第22回 浜松医科大学 同窓会 松門会 学術奨励賞 受賞論文要旨

ビタミン D3 アナログと副腎皮質ステロイドの乾癬局面状皮疹への外用は皮膚への
Th17 細胞浸潤とその体外での培養増幅を抑制する

Topical application of a vitamin D3 analogue and corticosteroid to psoriasis plaques decreases skin infiltration of Th 17 cells and their ex vivo expansion.

J Allergy Clin Immunol: 138:517-528. 2016.

藤山  俊晴氏  (本学医学科24期生)  本学皮膚科  講師

要旨

    尋常性乾癬の外用治療にはステロイドとビタミン D3 がよく用いられる。 ステロイドは炎症を全般的に抑えるのに対して、ビタミン D3 は樹状細胞や制御性 T 細胞に作用し免疫寛容にはたらくとされている。

    私たちは当教室で開発した IL-2 と抗 CD3/CD28 抗体ビーズで皮膚浸潤 T 細胞を培養・増幅する手法を用いて、 ステロイド軟膏(ベタメタゾン ; Bet)、ビタミン D3 軟膏(カルシポトリオール; Cal )及びそれらの合剤軟膏 (CB)の外用が皮膚浸潤 T 細胞に与える影響を調べた。
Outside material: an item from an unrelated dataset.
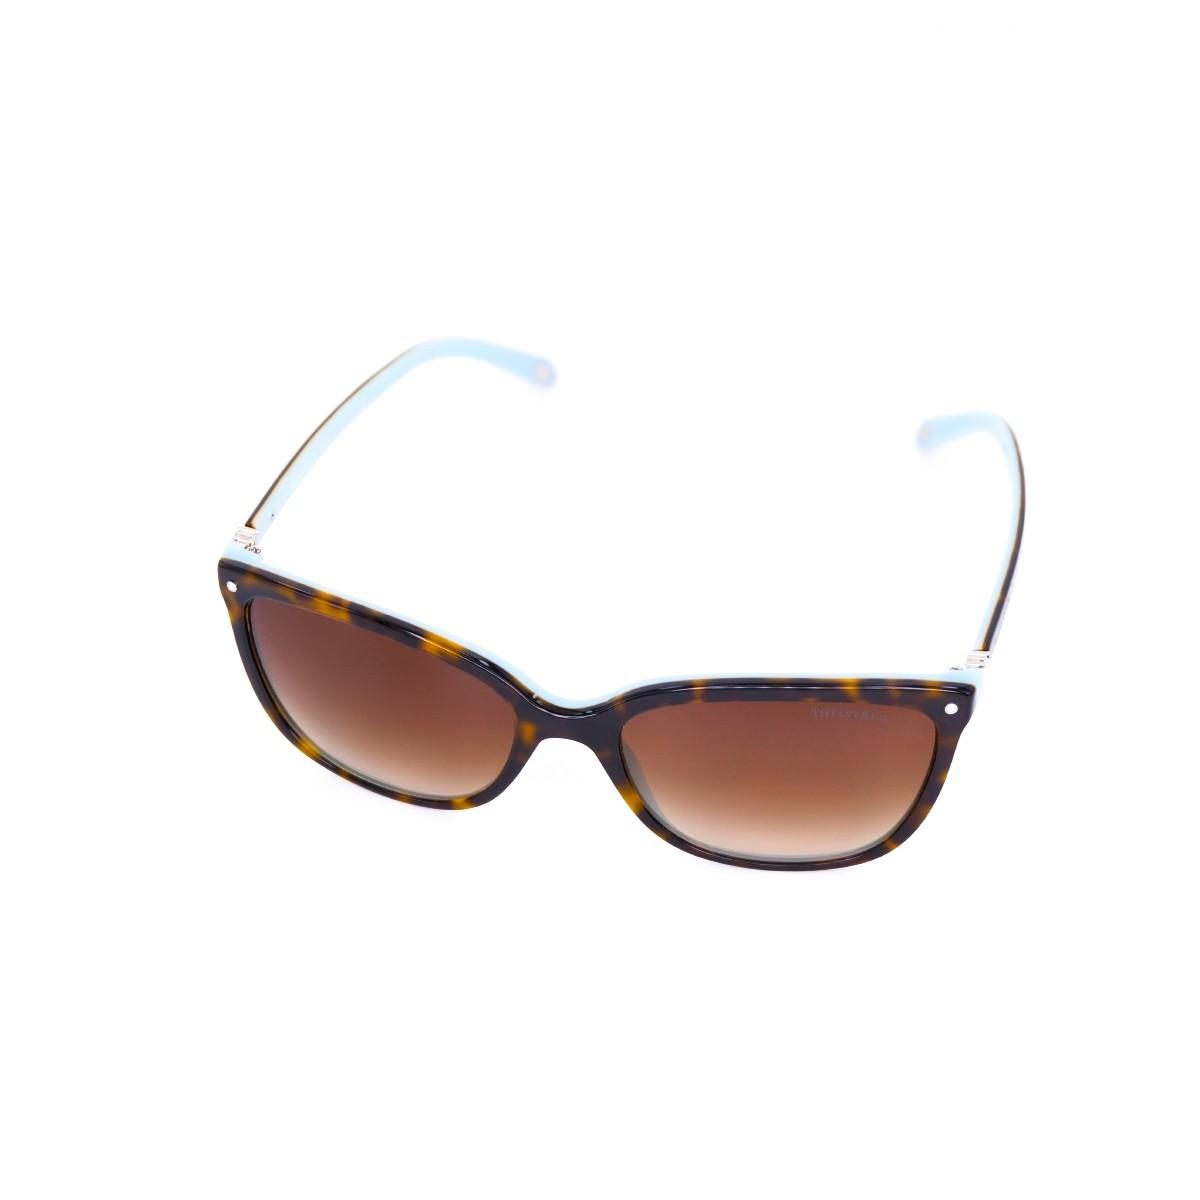 Tiffany 4105 81343B, 181,00€, Occhiali Tiffany & Co. Marrone a forma Rettangolare

     10 名の乾癬患者で、2週間以上無治療で同程度の重症度の皮疹4か所を選定し、それぞれに Cal、Bet、CB を1日1回2週間外用した。 1か所は無治療のコントロール( Cntrl )とした。2週間後に皮疹を臨床評価し、各部位より皮膚生検を行った。 組織の半分を病理組織学的検討に、残り半分を T 細胞の培養に用いた。培養で得られた T 細胞は、FACS で解析した。 また、Cntrl より培養した T 細胞を in vitro での各薬剤の作用を調べるのに用いた。

    結果、各治療で皮膚症状は臨床的・組織学的改善を示した。 培養 T 細胞の解析では、Bet、CB の外用で、皮膚から増幅される T 細胞は、Cntrl に比して有意に減少した。 Th17 細胞は、Cal、CB 外用でその頻度及び数が有意に抑制された。 以上から、Bet は T 細胞全体に、Cal は Th17 細胞に選択的に抑制効果を持つことが示された。 Cntrl 皮膚より培養した T 細胞に in vitro で Cal、Bet をそれぞれ添加すると、Bet では、アポトーシスが誘導され、 IL-17 をはじめ IL-4、IFN-γ、TNF-α 産生が抑制されたが、Cal ではアポトーシスは誘導されず IL-17 、IFN-γが抑制され、IL-4 産生は亢進した。 Cal の添加により、RORC 遺伝子の発現低下も確認された。これらの結果から Cal の T 細胞への直接作用が示された。 さらに、Cal 外用皮膚では IL23ACCL20 といった Th17 細胞の維持や遊走に関わる遺伝子発現低下がみられ、 間接的にも Th17 細胞を抑制する可能性がある。

     以上より、Cal と Bet は乾癬の皮膚 T 細胞に対して異なる作用で効果を発揮することが示された。